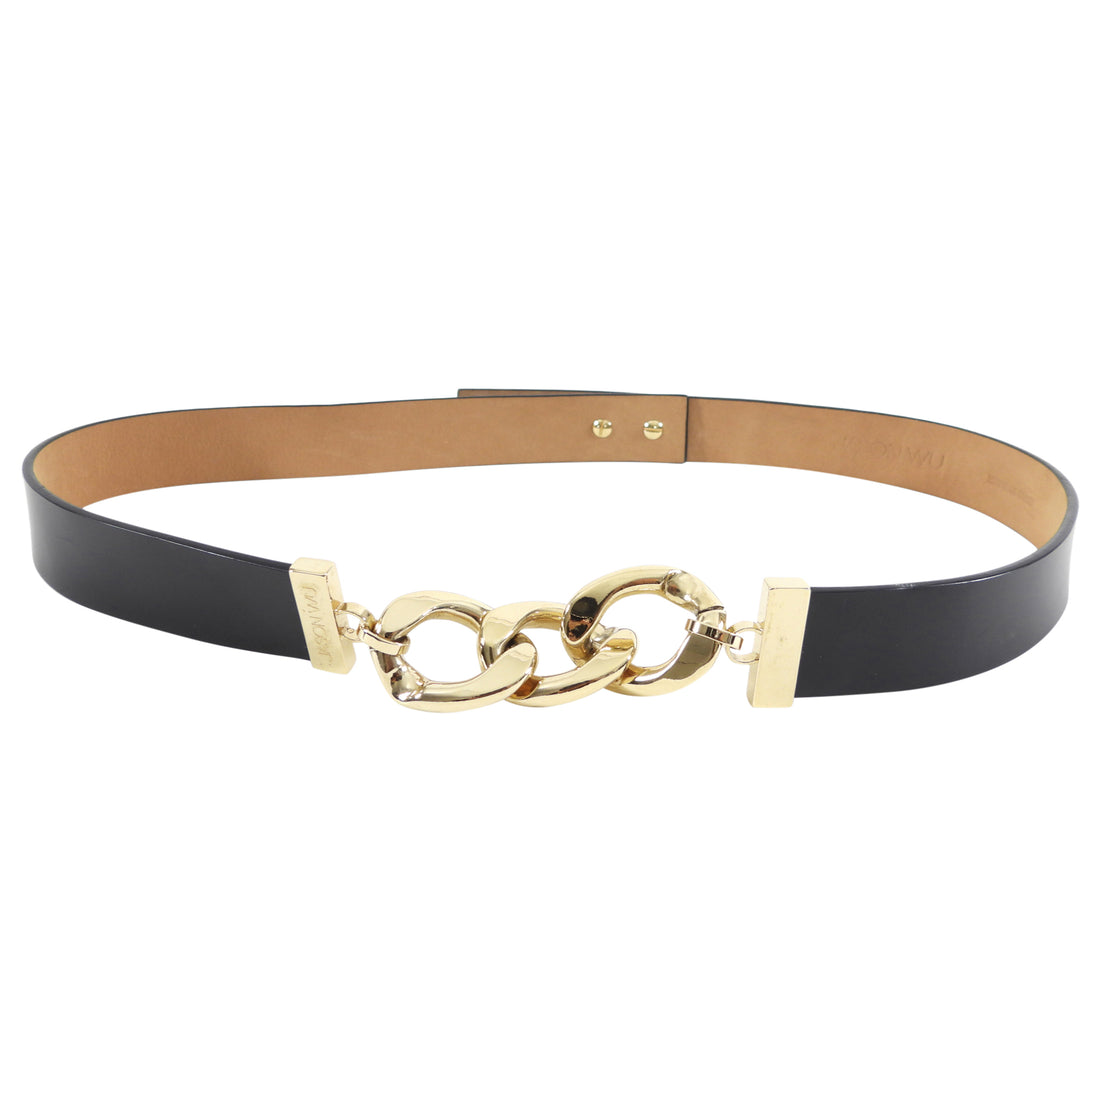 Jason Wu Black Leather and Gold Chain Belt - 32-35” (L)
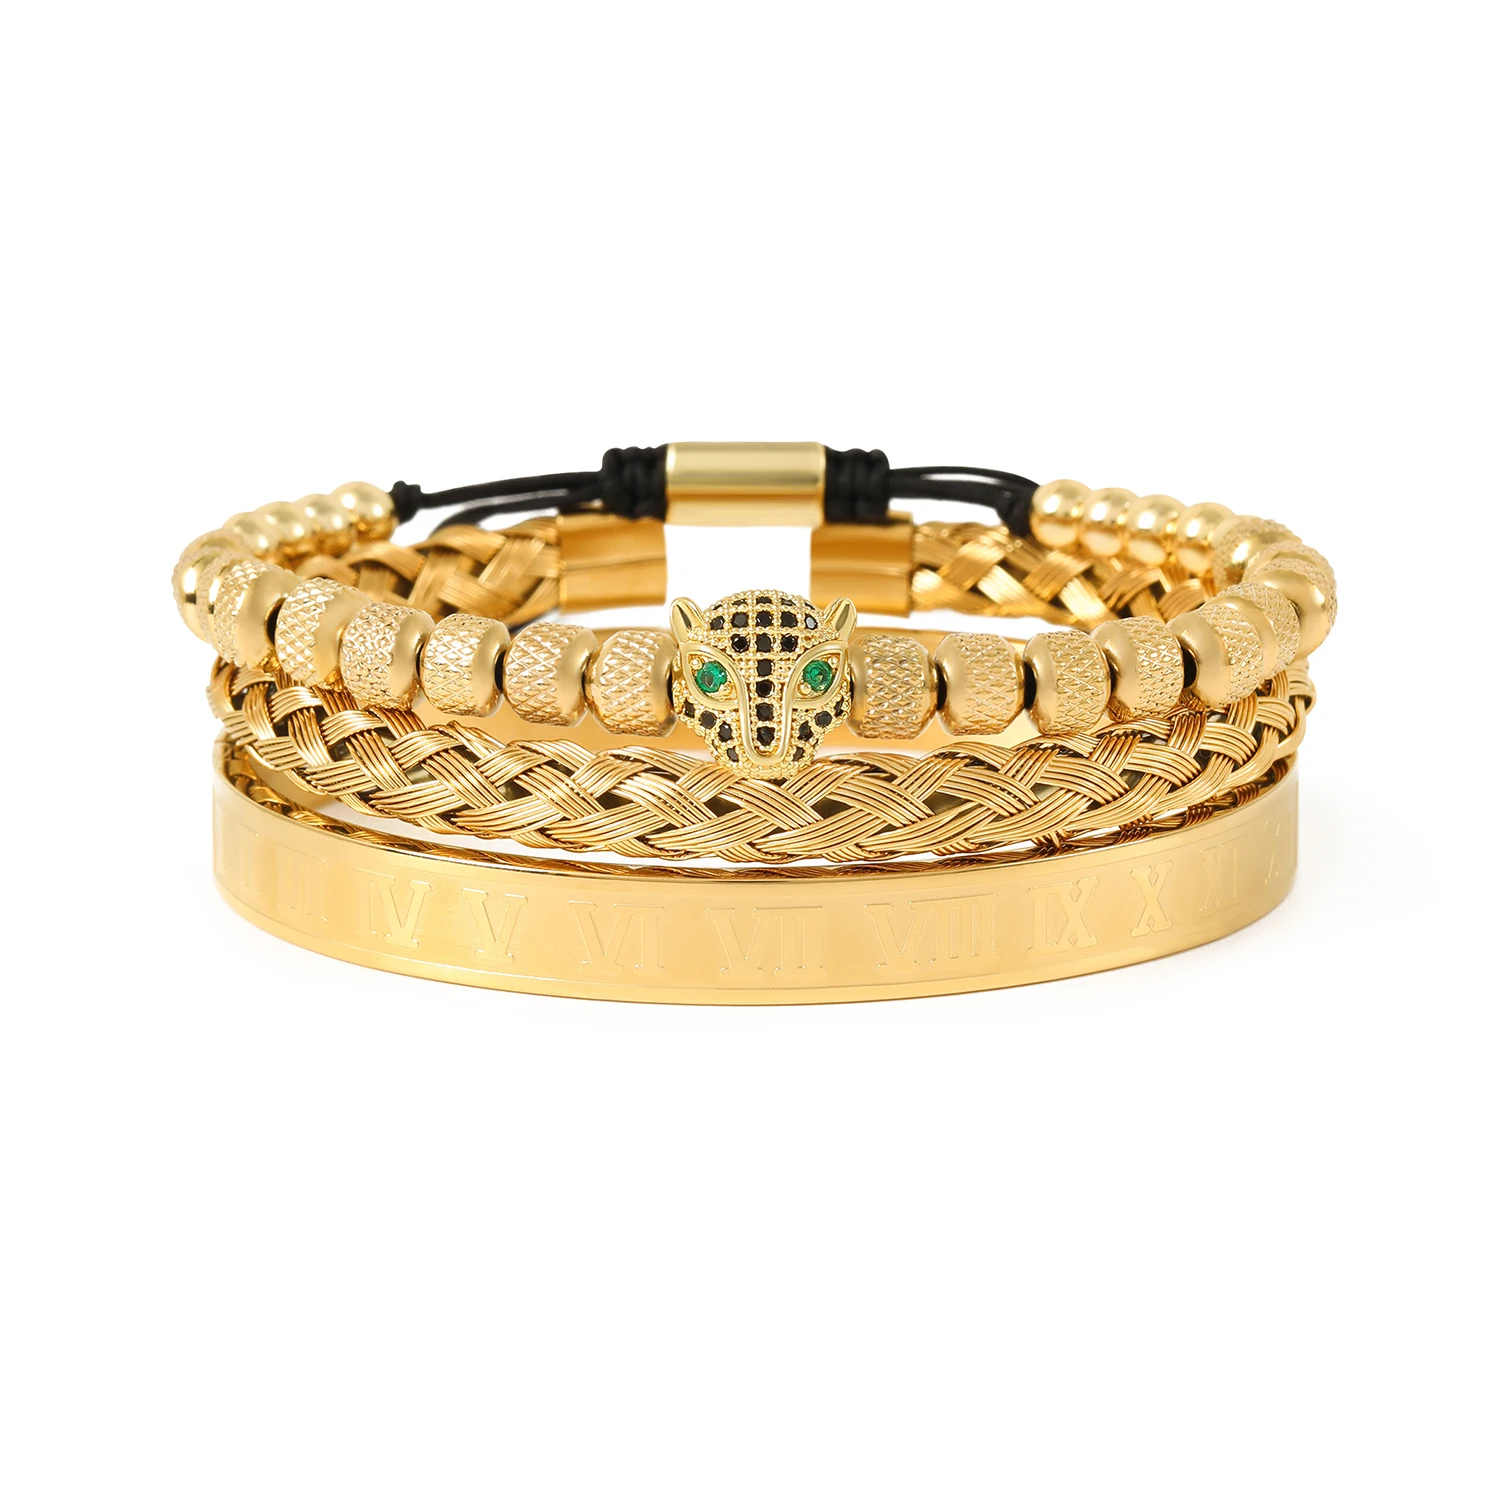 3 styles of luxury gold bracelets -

---

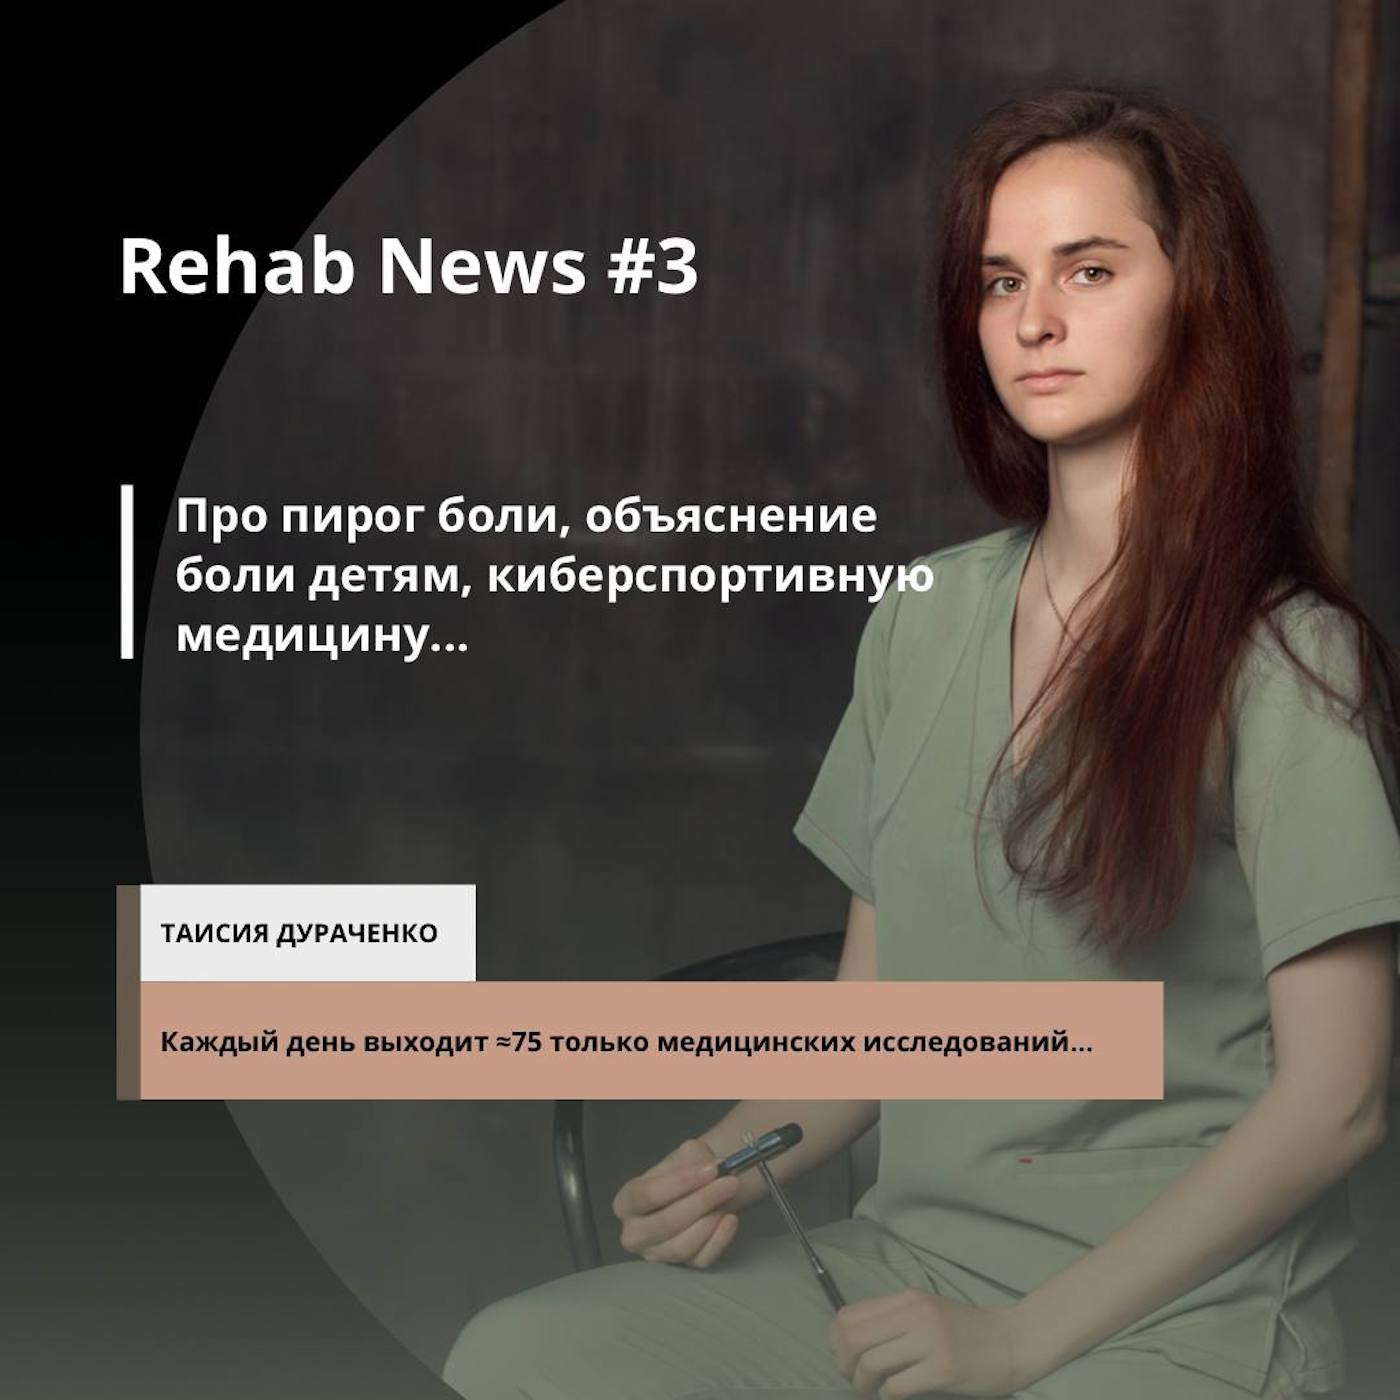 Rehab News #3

**ABOUT THIS TASK**
Every line above from the one with "Jason Wu Black" down to the one with "3 styles of" must be written out exactly, and no picture may appear.

**WRITTEN RESPONSE**
 Jason Wu Black Leather and Gold Chain Belt - 32-35” (L)
 3 styles of luxury gold bracelets -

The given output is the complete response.